With the unofficial start of summer this coming weekend comes the unofficial start to outdoor grilling season. If firing up some burgers and hotdogs is something you'd like to do right here in the city, and you'd like to do it sooner rather than later, we suggest you brush up on the rules (courtesy of Habitat) and, of course, check with your co-op board or building management to see whether they allow it.
[Note: This post was updated on May 22, 2017.]
Here's the gist: In NYC, your grill must be more than 10 feet from anything that can easily catch fire, including building walls, which means in most cases, balcony barbecues are not allowed (and neither is fire-escape grilling). Plus, you need to have immediate access to a fire extinguisher or a water supply when you grill.
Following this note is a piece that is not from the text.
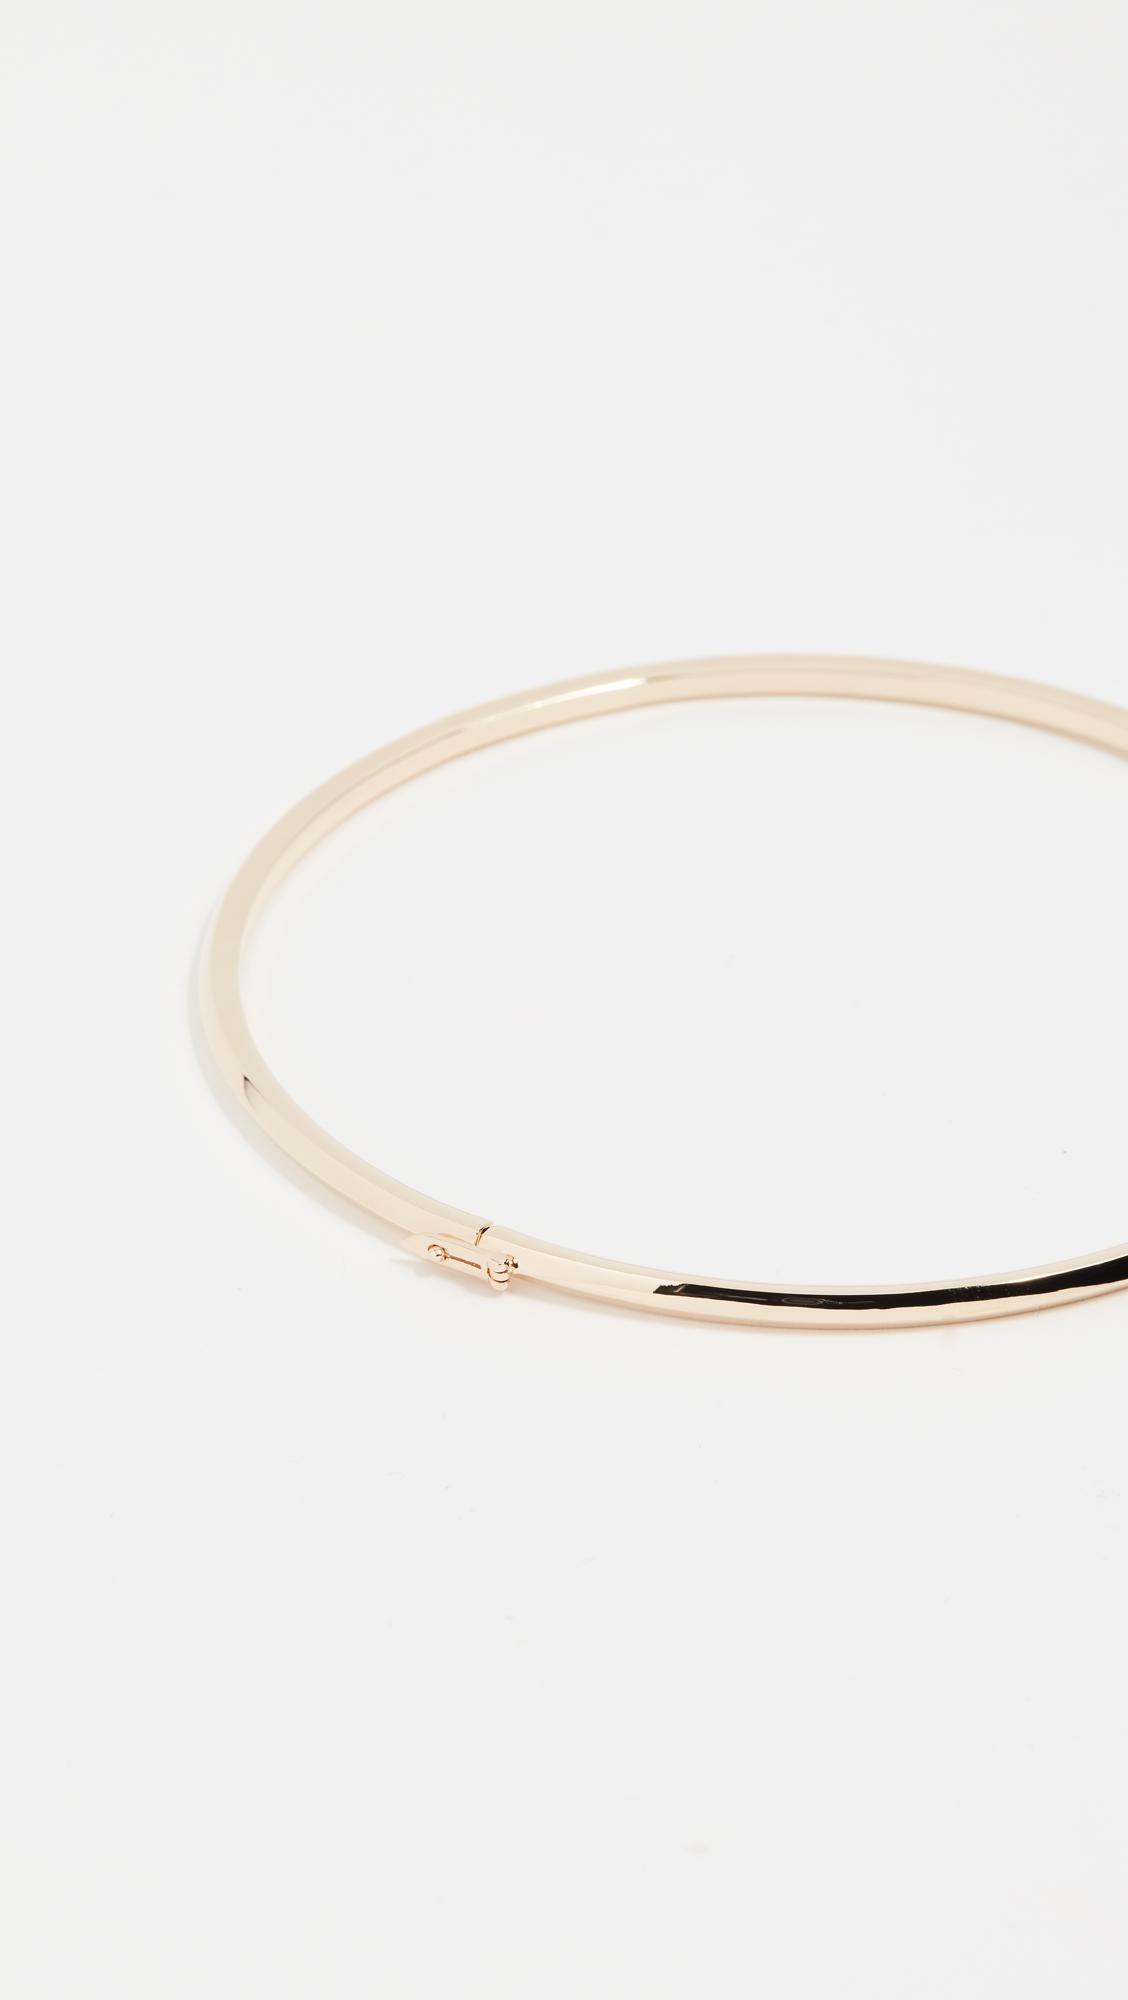 Eddie Borgo Peaked Collar Necklace in Gold (Metallic)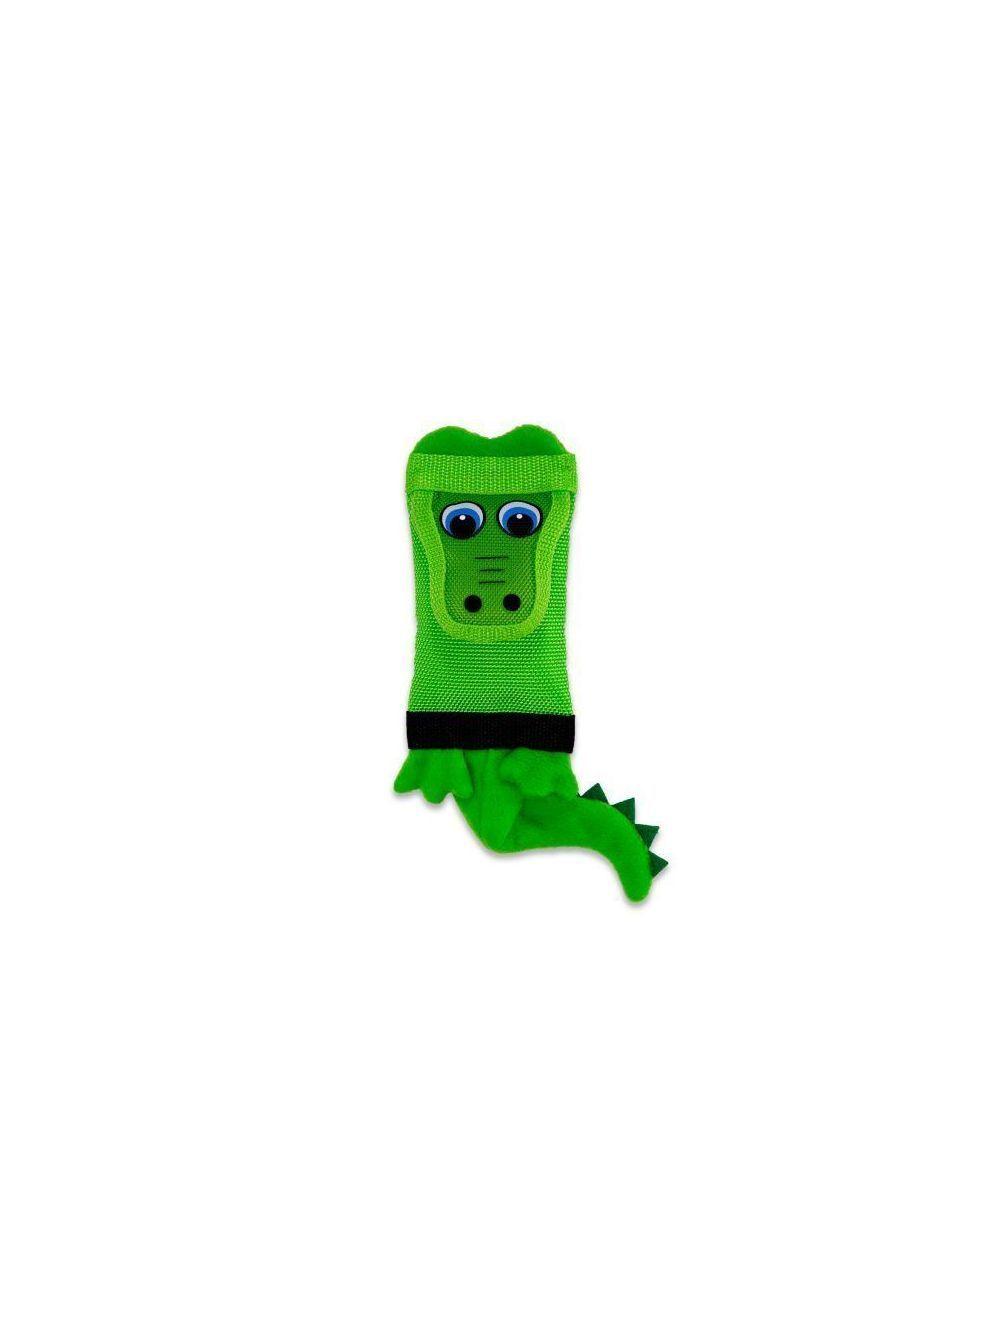 Juguete para Perros Petlogix lagarto- Ciudaddemascotas.com

Now, when it comes to the types of barbecues, know this:
- Propane is generally a no-no, since the NYC Fuel Gas Code states that you can't store standard backyard propane on a balcony, roof deck, backyard, or in a courtyard. (You can use a propane tank that’s smaller than 16.4 ounces in some cases.)
- Natural gas grills can be used, but they have to be made for residential (not commercial) use. And gas lines need to be installed by a NYC-licensed master plumber.
- Cooking with a charcoal barbecue is legal on a terrace or in a backyard—but not on a balcony or roof.
- Electric grills are allowed on balconies, terraces, roofs, or yards, as long as co-op or condo rules allow it. A DOB-licensed electrician should come in to make sure that your outlet can handle a grill.
Still feeling nervous about firing up the barbecue in a city as densely populated as New York? You might be slightly comforted by the fact that any barbecue-related mishaps are probably covered by your third-party liability insurance.